# Moab Daily as an Overnighter



## mikepart (Jul 7, 2009)

There is no way to ensure a camp. They are first come/ first served. Hell, it's not unheard of for a group to send down a member of their group several days early to hold down one of the Onion Creek camps for the weekend. Of course, I do not condone such greedy behavior.

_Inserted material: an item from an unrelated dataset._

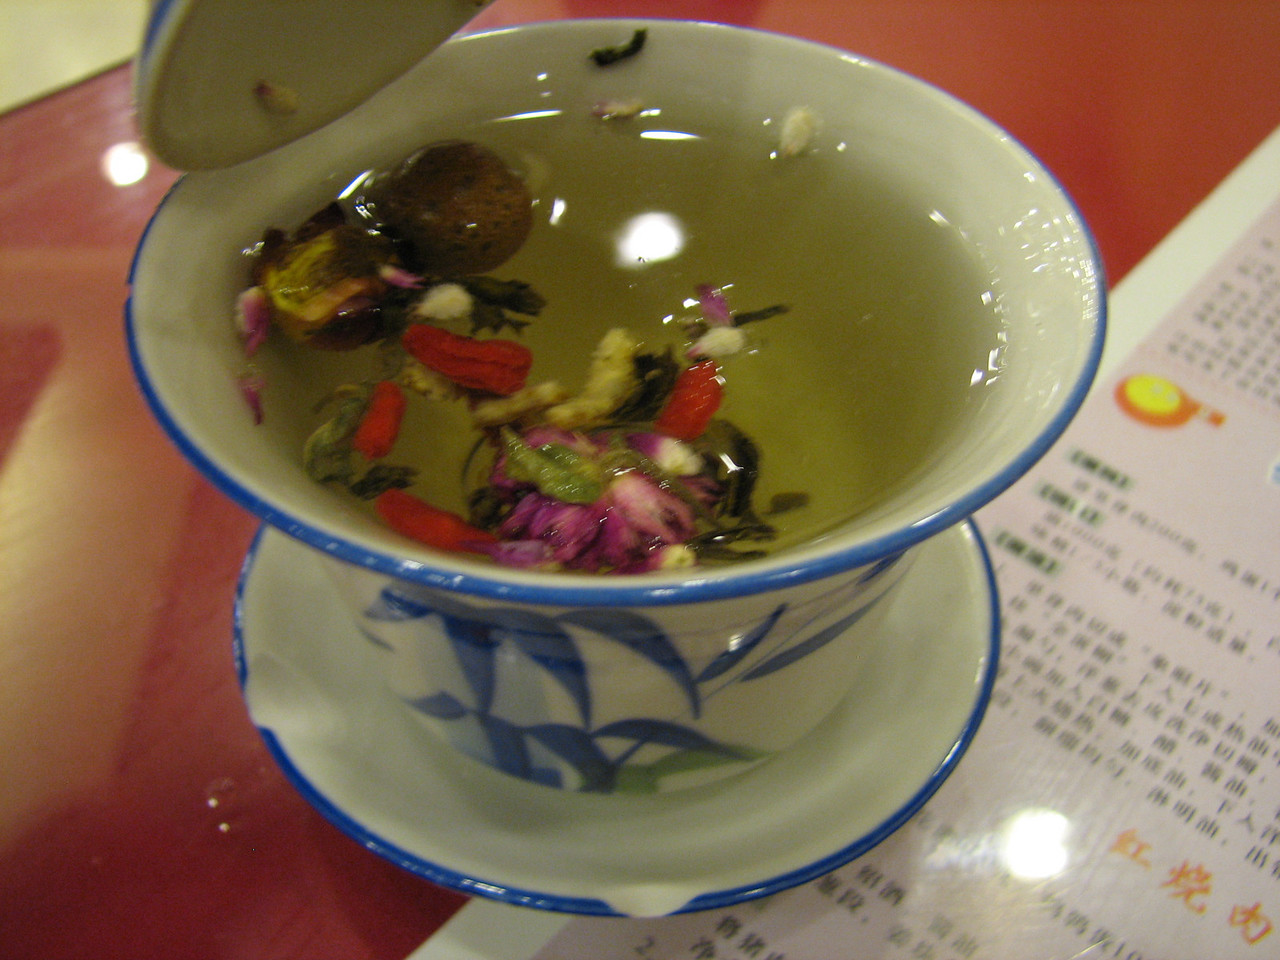 Delicious flower tea. Toward the end this had an almost cinnamon taste.

That being said, I don't think that the White's camp is quite as sought after as the Onion Creek camps. Maybe you'll be able to get it.


----------



## micronam (Apr 20, 2015)

Thanks for the beta, mikepart! Yeah, I'm not keen on sending people ahead. We have a group of 18 for a 40th B-day party, so it would be a shame to not get a camp. Not the end of the world though. Thanks for the thoughts about Whites!!


----------



## twmartin (Apr 3, 2007)

I ran the Daily for 10 years with co-workers every June on a Friday and Saturday and only saw people camping at Onion Creek a couple of times at mid afternoon. That may have changed. I wouldn't worry about somebody grabbing the spot as much as I would worry about there being a family there that didn't appreciate your 40th birthday party. It's a river trip, but nobody wants to be a jerk to the neighbors.


----------



## micronam (Apr 20, 2015)

We're respectful, but thanks.

Sent from my SM-G386T using Mountain Buzz mobile app


----------



## kablitz (Jan 19, 2016)

Camped there last Saturday night Sept 24th, set up camp around 3pm without problems. It seemed these was plenty of room for everybody.


----------



## micronam (Apr 20, 2015)

Great to hear, kablitz! Thanks!


----------